Thanks. Where did you get the information that the Landis has a room available? I’m curious because they say that they have a waitlist of 30-40 people. Maybe they give some rooms to agencies, and if I went throuigh the aganecy I could get it?
[quote=“Sir Donald Bradman”]Thanks. Where did you get the information that the Landis has a room available? I’m curious because they say that they have a waitlist of 30-40 people. Maybe they give some rooms to agencies, and if I went throuigh the aganecy I could get it?
Brian[/quote]
I got the info on www.hrs.de (you can change the language to English by clicking on the “24 Sprachen” drop down menu). Sorry for the typo. Hrs.de is excellent for making room reservations in Europe, never tried it in Taiwan, maybe someone at the Landis made a mistake and now it shows available rooms no matter which date you chose. Or they have a quota for visitors from abroad? Anyway, since it is showing available rooms you could immediately make a confirmed reservation online. … on the other hand, a discussion with the hotel staff might not be the best way to start a romantic weekend.

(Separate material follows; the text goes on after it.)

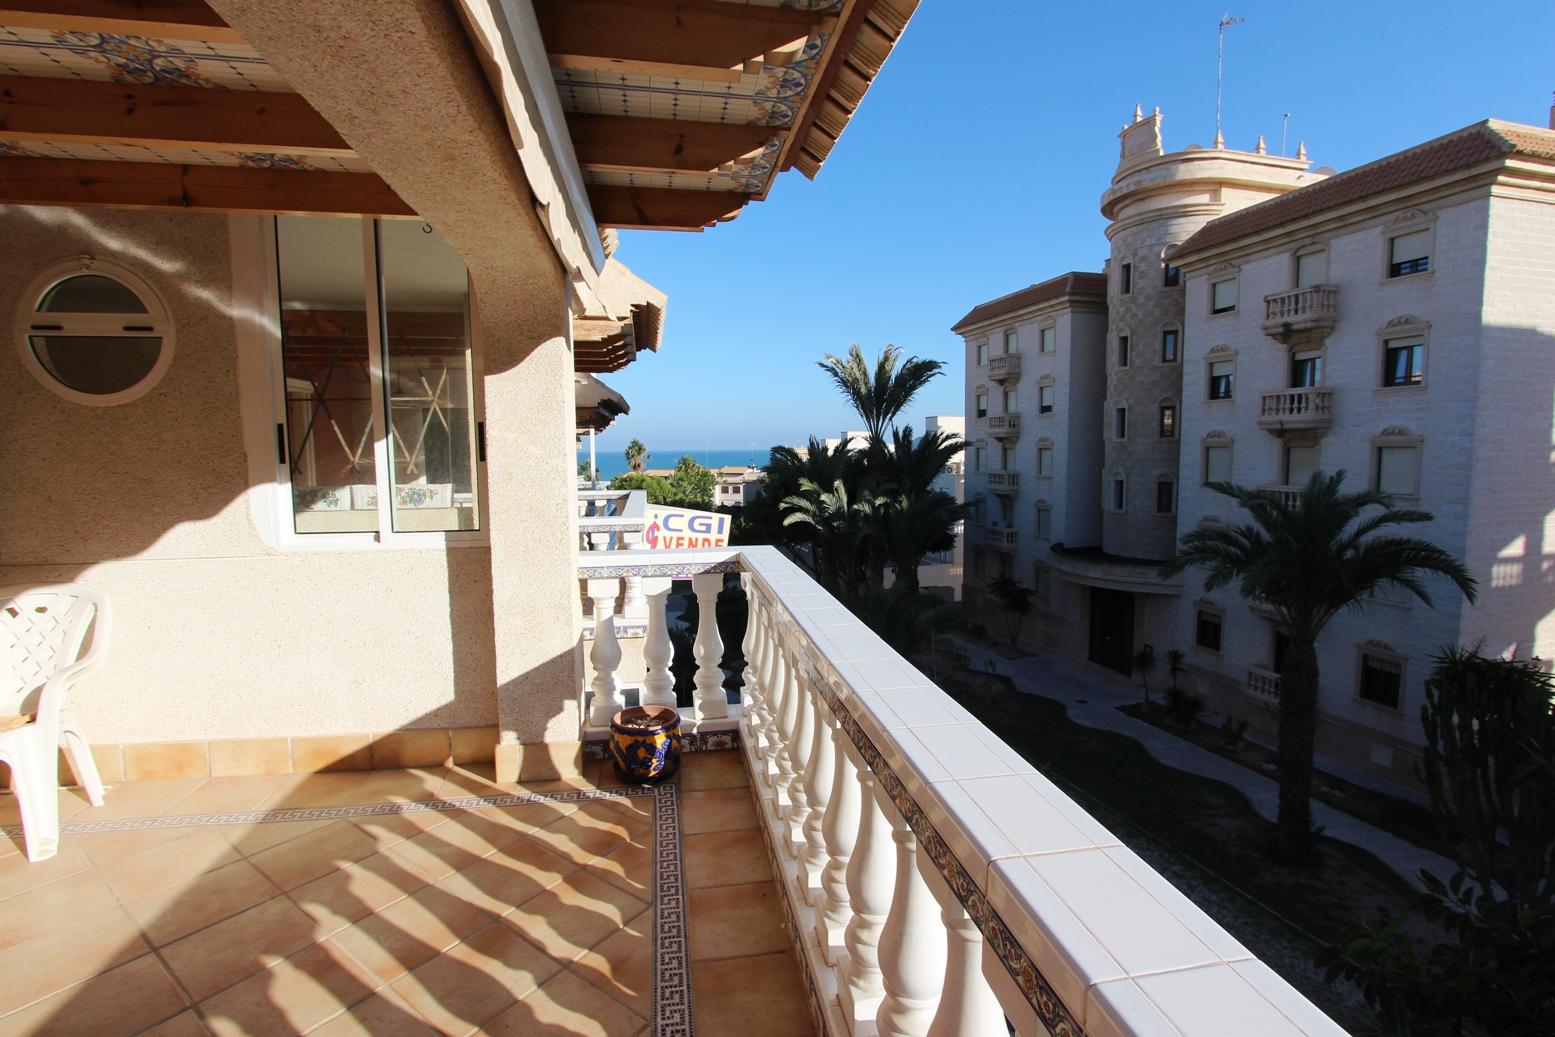 For sale: 3 bedroom bungalow in Guardamar del Segura, Costa Blanca

If I remember this correctly, the teahouse is on Ching [jing1] Cheng [cheng2] 21st street (精誠21街). The Japanese Restaurant is near the parking on Ta [da4] Tun [dun1] 19th street (大墩19街), unfortunately, I always park the car there so I never had to tell the exact street name to a taxi driver. It’s just a few steps away from the beginning of the famous pedestrian street (it might still be the same street name, but it is on part of this street not reserved for pedestrians).
Anyway, the teahouse is a really very quiet and unique place. The Japanese restaurant is more lively, nice interior, too, and excellent food. They have a room downstairs with two more private tables but I think it is for larger groups only - or VIPs? I don’t know, I prefer the atmosphere on the ground floor. These are really the two upscale places in Taichung I can recommend most, I’m sure there are lots of other good locations (maybe some western restaurants, too, I rarely tried those), but there are quite a lot of disappointing restaurants and teahouses, etc., as well.
Sorry, it’s in German and it is not finished yet (I uploaded it to an area reserved for our beta testers) and it’s not a personal homepage, anyway. If you still want to have a look, it will be available on www.satrue.lu in a few days (I hope). (No need to look at that page right now, what is there is only meant to enable the search engines to index our page).
We were lucky enought o get a room when I did another ring around the other big hotels. Stayed at the Plaza International which was alright, but nothing special. Very ordinary breakfast and a sorry excuse for a swimming pool. Good view from the 21st floor though and good price at 2700 for a double.
Didn’t do much because it was so hot and muggy. Lying Taizhongers always going on about the lovely weather down there!
Had a great veggie Pizza and Fingas (run by a Kiwi bloke), but my wife didn’t like her pasta. Really nice Veggiue restaurant too. I’ll dig out the addresses later.
Checked out the night market. What was it called? Fengjia or something. A lot like Shilin nightmarket just without idiots with silly hats banging shoes together.
Went to the Science Museum, saw big queues, didn’t look to interesting and didn’t know where to go becasue you have to pay seperately for every exhibition, so turned around and left.